The grey haired court officer opened the door and said, “Parties and counsel please leave the courtroom.”
Before Greg could get his bearing, Fitz led him back out into the hallway. “Come, follow me back to my office,” he said, threading his way back to the stairwell.
This time the stairwell was empty, but the temperature seemed to have gone up another 20 degrees. Fitz seemed unaffected and he bounced from one foot to the other with nervous energy.
“Ok, I know things went really fast in there, so I’ll translate,” Fitz said to the still dazed Greg.
“First, the judge has order a psych evaluation for both you and your wife. Also, the evaluation will include interviews with your kids, and the psychologist will observe your interactions with the kids, and her interactions with the kids.”
Greg took a moment to try to understand, “Debbie’s dragging my kids into this? Forcing them to see a shrink? She’s the crazy one.”
Fitz nodded in understanding, “Sorry, it’s the system. And it helps you. She’s made all these wild-ass allegation against you. I see this all the time. Maybe she hears this from her friends and or reads it on the internet. She thinks that all she’d got to do is claim you’ve beat her and then whamm, she gets the house, kids and all the money.”
“I never touched her or the kids,” Greg said.
“I know and that’s the beauty of the forensic. The doctor appointed is an old hand, Bob Cunningham. And if she coaches the kids to lie about you, he should catch it.”
Greg shook his head. “Get my kids to lie?”
“Yeah, it’s called coaching. Mom tells the kids that if they don’t say daddy beat them with a bat, all sorts of bad things will happen to them. Also, some of the women like get the kids on their side. I call it ‘Team Mommy’. Team Mommy against Evil Daddy.”
Greg felt like he’d been kicked in the stomach.

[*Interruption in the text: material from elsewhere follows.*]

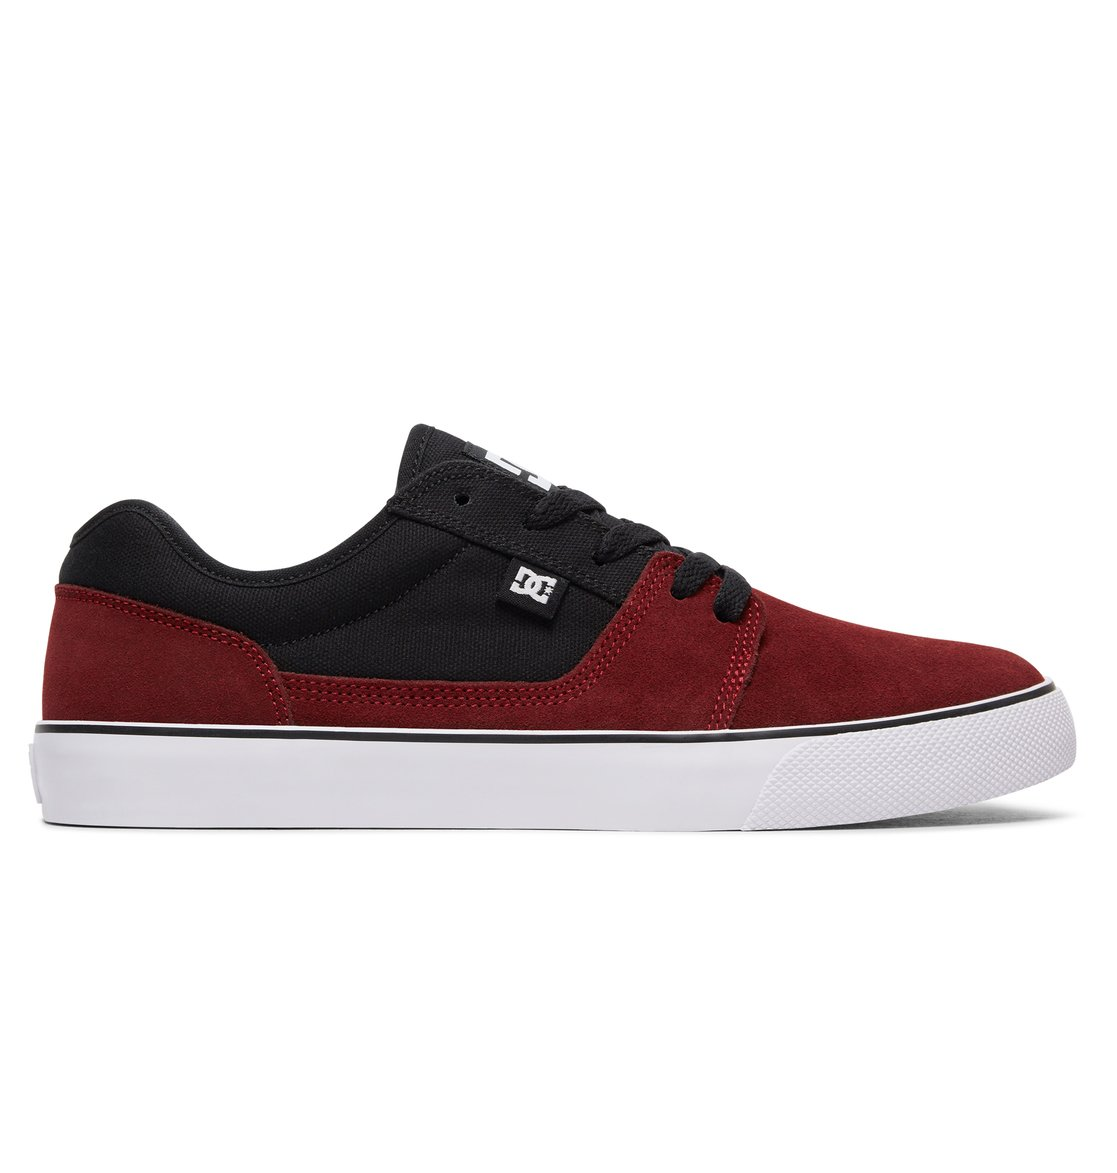 Zapatos DC Shoes Tonik para hombre

He leaned back against the wall and closed his eyes, wishing that his nightmare would end. He felt Fitz’s hand on his shoulder.

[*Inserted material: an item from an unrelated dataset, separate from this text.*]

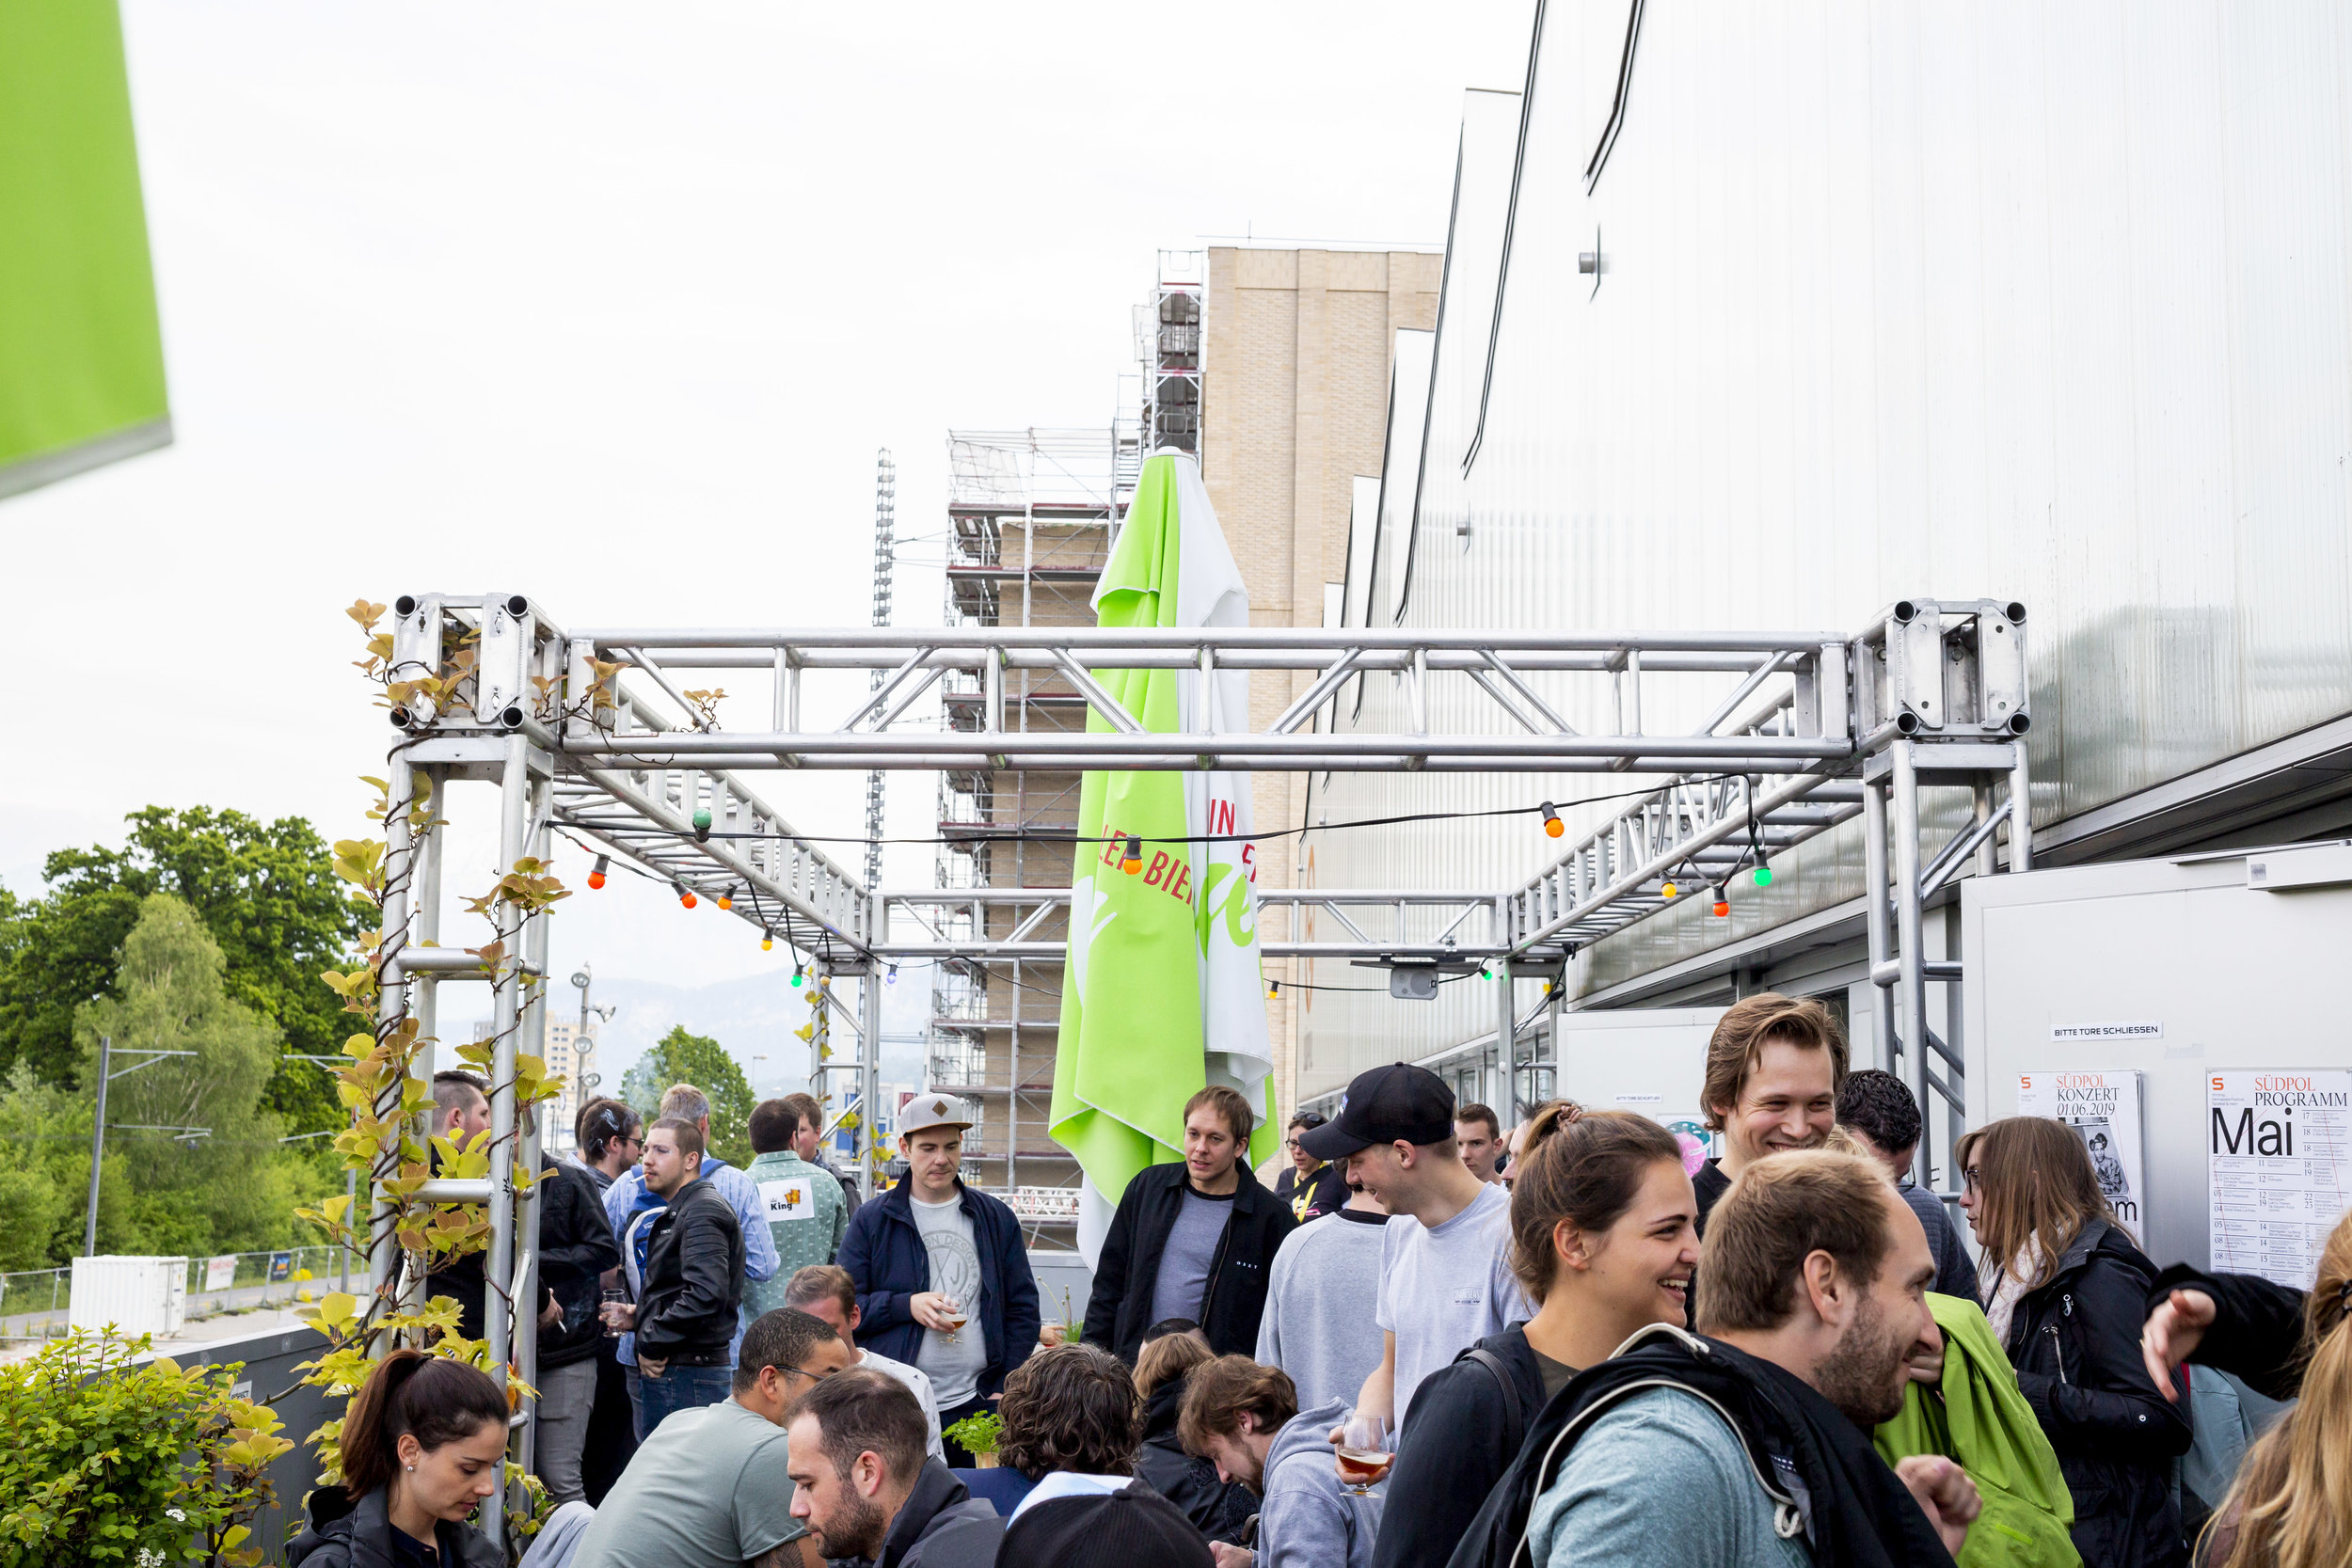 BierfestivalLuzern-54.jpg

“Look, you’re a good guy and your kids are crazy about you. Cunningham’s going to see that. Debbie’s going to overplay her hand when she meets with Cunningham. This will work out.”
“And what do I do in the meantime? When do I get to see my kids?”
“Ok, this is the bad part, but it’s temporary. You can only get to see your kids for about an hour a week at FVS, don’t ask me what it stands for. A social worker will be in the room with you watching.”
“Watching like I’m a some criminal? Like I’d hurt my own kids?” The anger was surging out again.
“Take it easy, we can turn this around.”
“How?” Greg asked belligerently.
“Right now, it’s Debbie’s word against yours. Now, we have not one but two independent observers, Cunningham and a social worker at FVS. When we come back there will be reports. The visitation is going to show that the kids love you and most importantly are not afraid of you. I know this judge, once she sees that Debbie is full of shit, it will turn.”